(Dataset excerpt Opens)
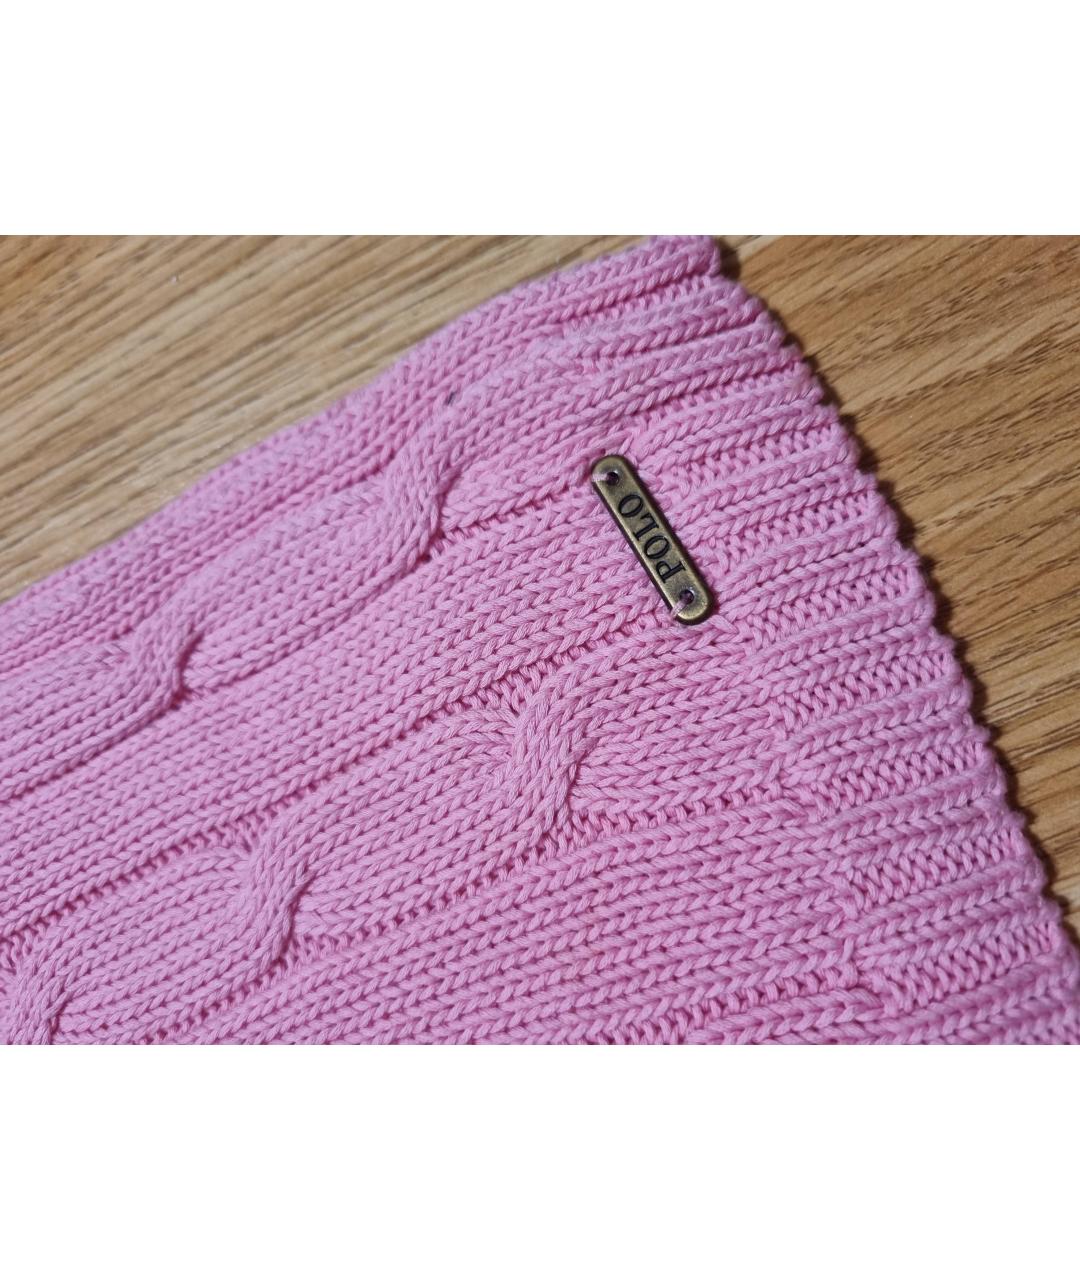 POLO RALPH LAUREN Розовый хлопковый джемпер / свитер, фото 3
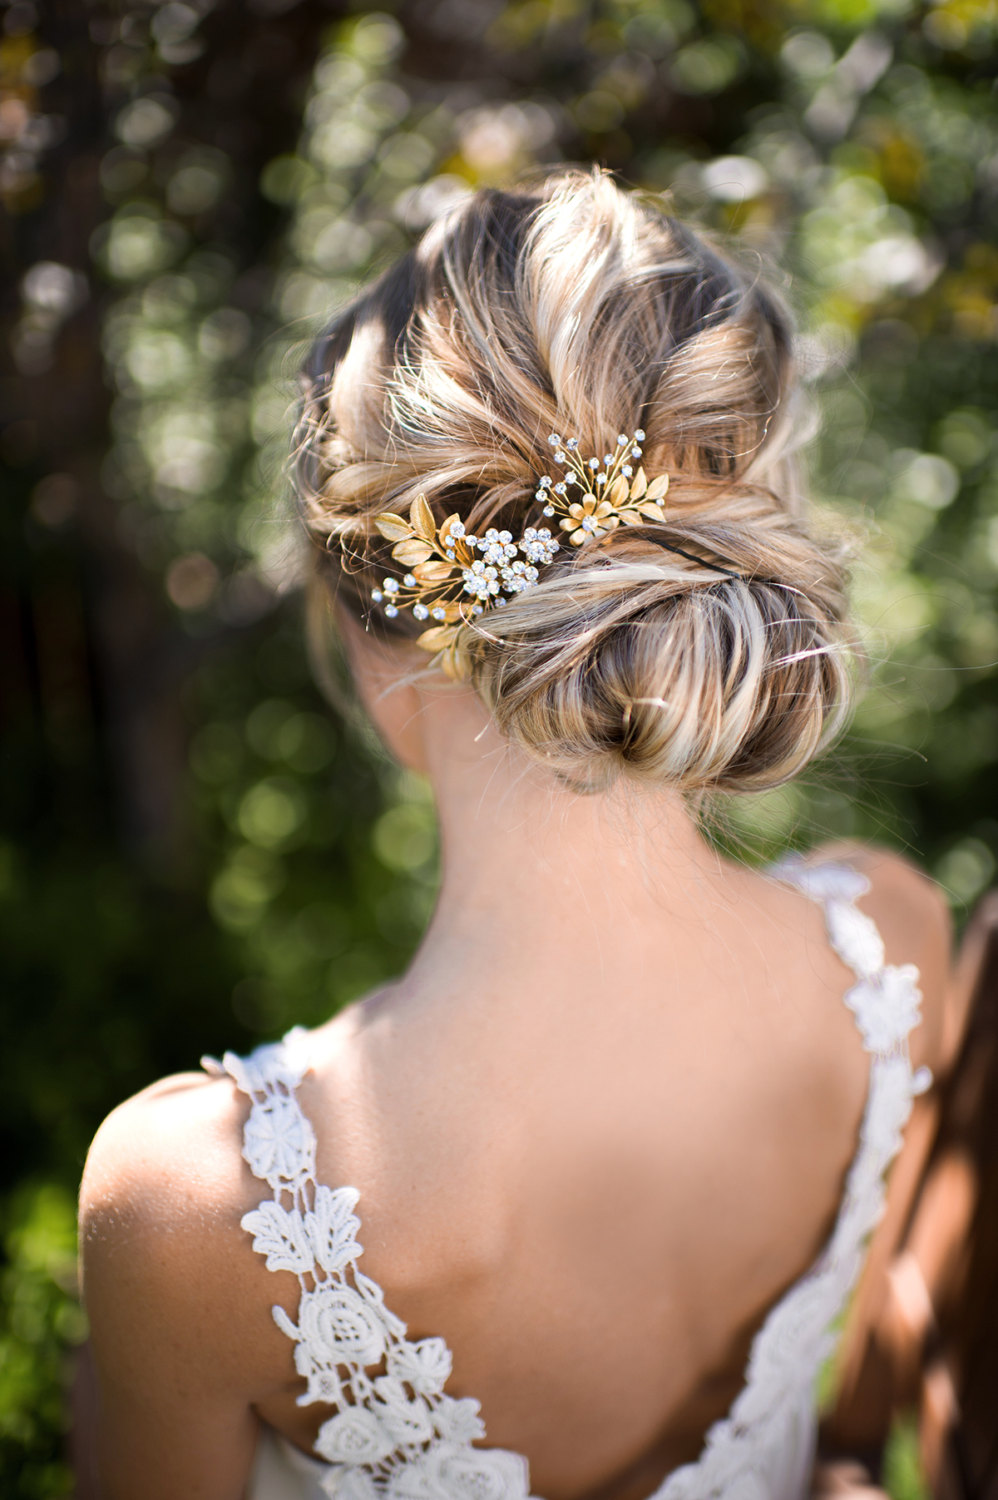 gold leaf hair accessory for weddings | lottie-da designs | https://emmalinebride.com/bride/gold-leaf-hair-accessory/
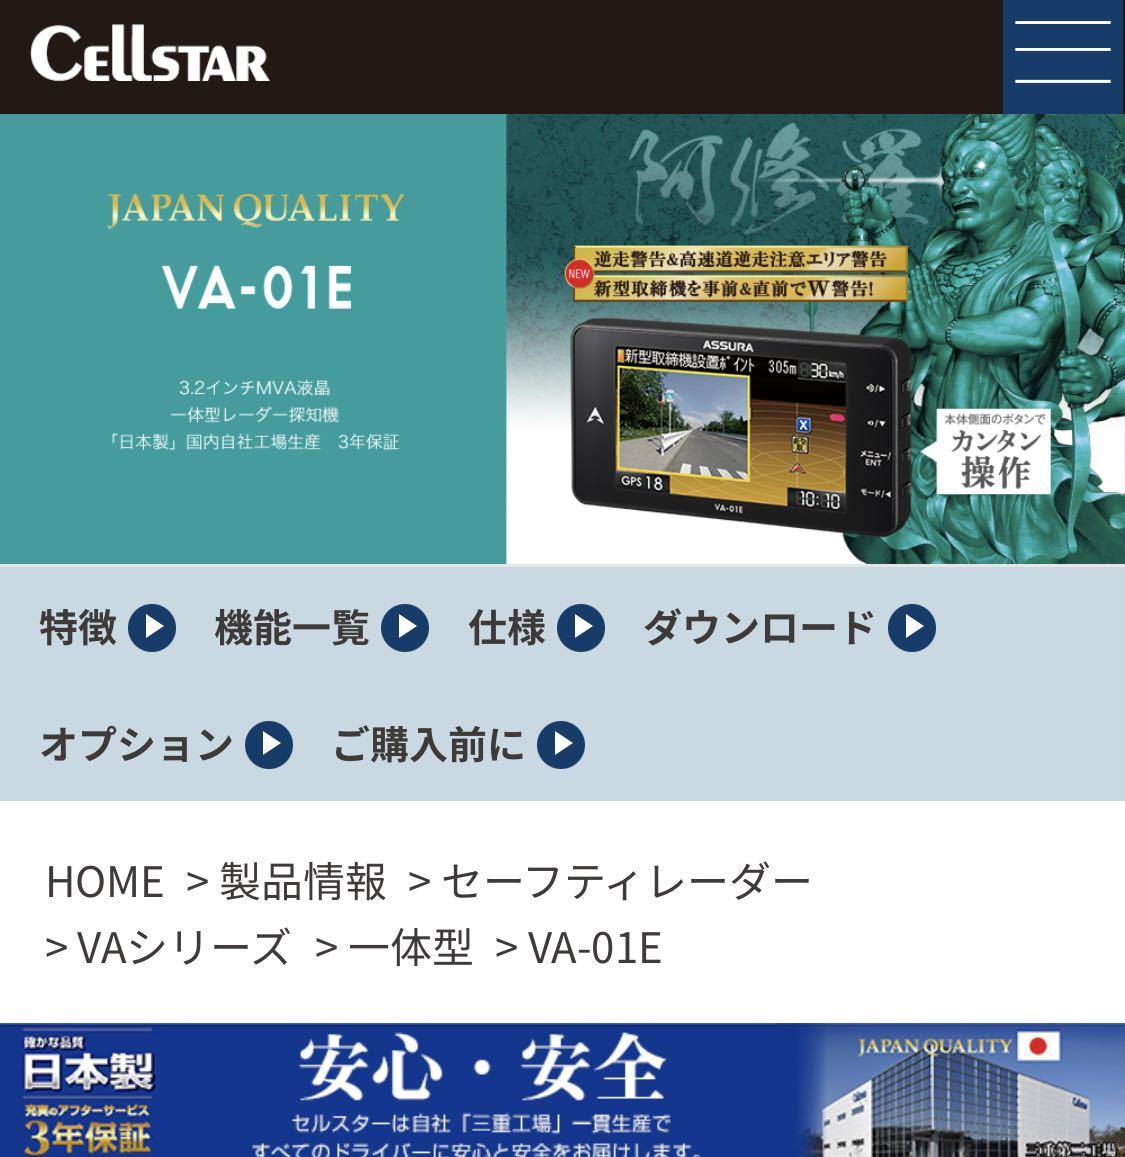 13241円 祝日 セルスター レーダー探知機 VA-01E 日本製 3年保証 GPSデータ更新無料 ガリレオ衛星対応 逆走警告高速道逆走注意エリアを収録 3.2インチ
(Dataset excerpt Closes)
**Assignment:** Your answer must be an exact copy of the lines above, from the line that contains "gold leaf hair" through the final line, with no pictures in it.

**Response to this exercise:**
 gold leaf hair accessory for weddings | lottie-da designs | https://emmalinebride.com/bride/gold-leaf-hair-accessory/
 13241円 祝日 セルスター レーダー探知機 VA-01E 日本製 3年保証 GPSデータ更新無料 ガリレオ衛星対応 逆走警告高速道逆走注意エリアを収録 3.2インチ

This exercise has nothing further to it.